Maurice was both surprised and touched by the gratification which his engagement gave to his friends. Mrs. Wilson might be expected to take satisfaction, since any woman is likely to approve of any match which she may be allowed to have a hand in promoting; the Staggchases were delighted, and Mrs. Morison received him with a kindness which moved him more than anything else. Mrs. Morison treated him much as if he were her son. She spoke wisely to him about his future, and she had a word of warning on the subject of his attitude toward religion.

"My dear Maurice," she said, after she had come to call him by that name, "let me give you a caution. The most fanatical belief is less evil than dogmatic denial. If you are really the agnostic you claim to be, your very confession that the truth is too great for human grasp binds you to respect the unknown."

"But one cannot respect dogmas," he objected.

"We were not speaking of dogmas," she responded with sweet and dignified earnestness, "but of the mystery of life and the great unknown that incloses it. The great fault and danger of this age is that it is all for breaking down. It reforms abuses and improves away old errors; but it seems to forget the need of providing something to take the place of what it clears away. Men can no more live without a belief than without air."

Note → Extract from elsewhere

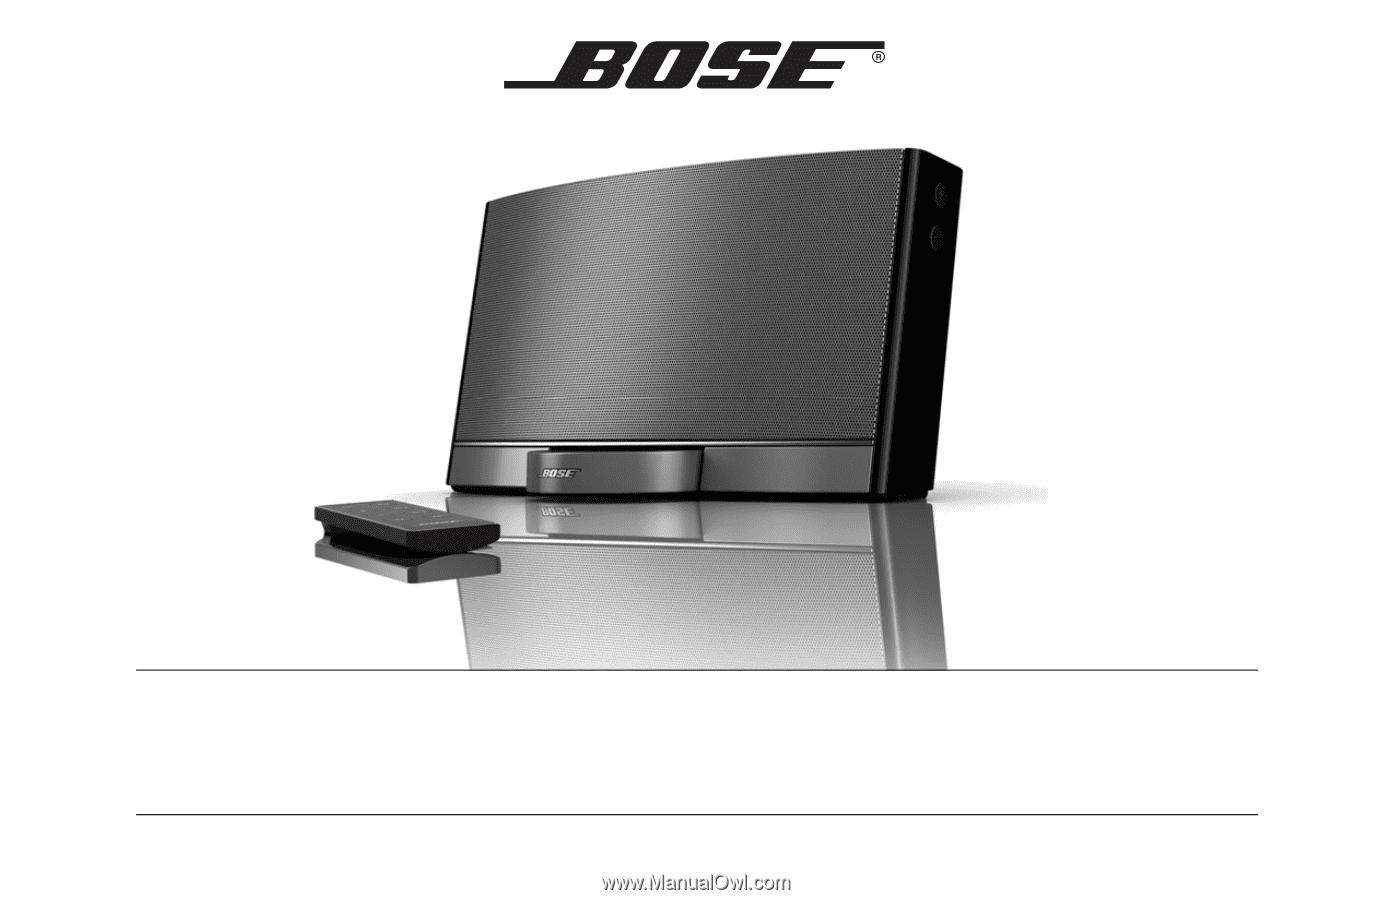 bose sounddock digital music system manual

"But it is hard to have patience with what one sees to be false."

"What one believes to be false, you mean. It isn't easy to have patience with those who hold to theories that we've laid by; but surely it is impossible not to respect the spirit in which any honest soul sincerely believes."

"Yes," Maurice assented, somewhat doubtfully; "but it is so hard to have patience with creeds that are entirely outworn."

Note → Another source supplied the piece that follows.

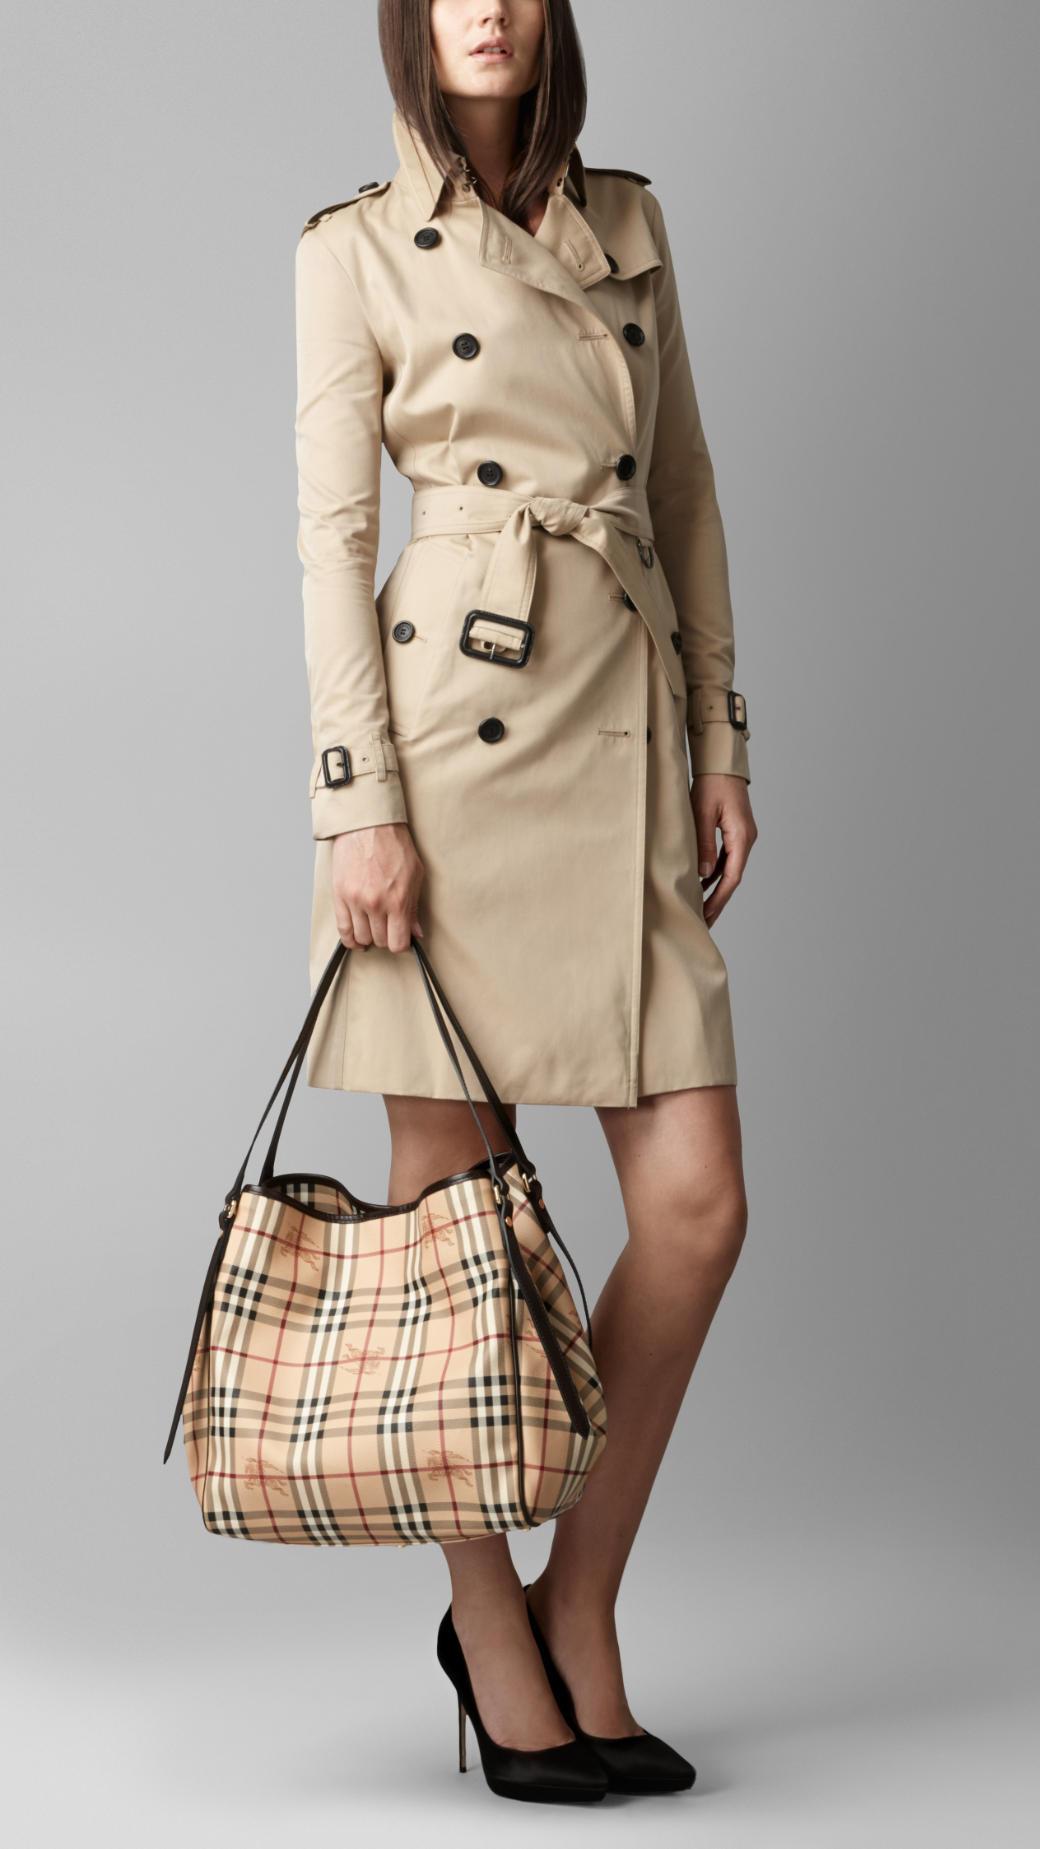 030c20c17f84 Lyst - Burberry Medium Haymarket Check Tote Bag in Brown

The old lady smiled and shook her head.

"Again I have to say 'which seem to you outworn.' A creed is never really outworn so long as a single man sincerely believes in it. However, you may have as little patience as you like with them if you will only remember that after all the creed itself is nothing, while the attitude of the mind to truth is everything. If you respect conviction, that is all I ask."

Mrs. Staggchase at another time had also an ethical word for him. Maurice was deeply moved by the fact that Philip had gone into the Catholic church and entered a monastery at Montreal. Like his friend, Ashe had left the Clergy House as soon as he had come to the decision to which his doubts led. He had seen Maurice, and had talked to him unreservedly of his faith and of his plans. It was idle to attempt to move him; and it was after bidding the proselyte good-by that Maurice was talking of him to Mrs. Staggchase, and lamenting what occurred.

"My dear fellow," she observed in her faintly satirical manner, "I know that I'm growing old, because whereas my convictions used to be all right and my actions all wrong, now my actions are right enough, but my convictions have all evaporated. Mr. Ashe is still young enough to need convictions, and the more rigid they are the more contented he'll be."

"But with his training, to turn out in this way," responded Maurice. "It's amazing. Think of a New England Puritan turned Catholic!"

"On the contrary, it is the most natural thing in the world. His Puritan training is what has made him a Catholic."

Maurice thought a moment in silence.

"I suppose," he said at length, "that in this age there are only two things possible for a thinking man. One must go over to Rome and rest on authority, or choose to use his reason, and be an agnostic."

Mrs. Staggchase regarded him with a smile which made him flush a little.

"'No doubt but ye are the people,'" she quoted, "'wisdom shall die with you.' Yet I have known persons really of intellectual respectability who haven't found it necessary to do either."

He was too wise to answer her. He remembered that it was time to keep an appointment with Berenice, and he smiled with the air of one too happy to be ruffled.

"I suppose," he remarked, as he rose to go, "that if I would give you the chance you would easily prove that Phil and I both are merely Puritans more or less disguised!"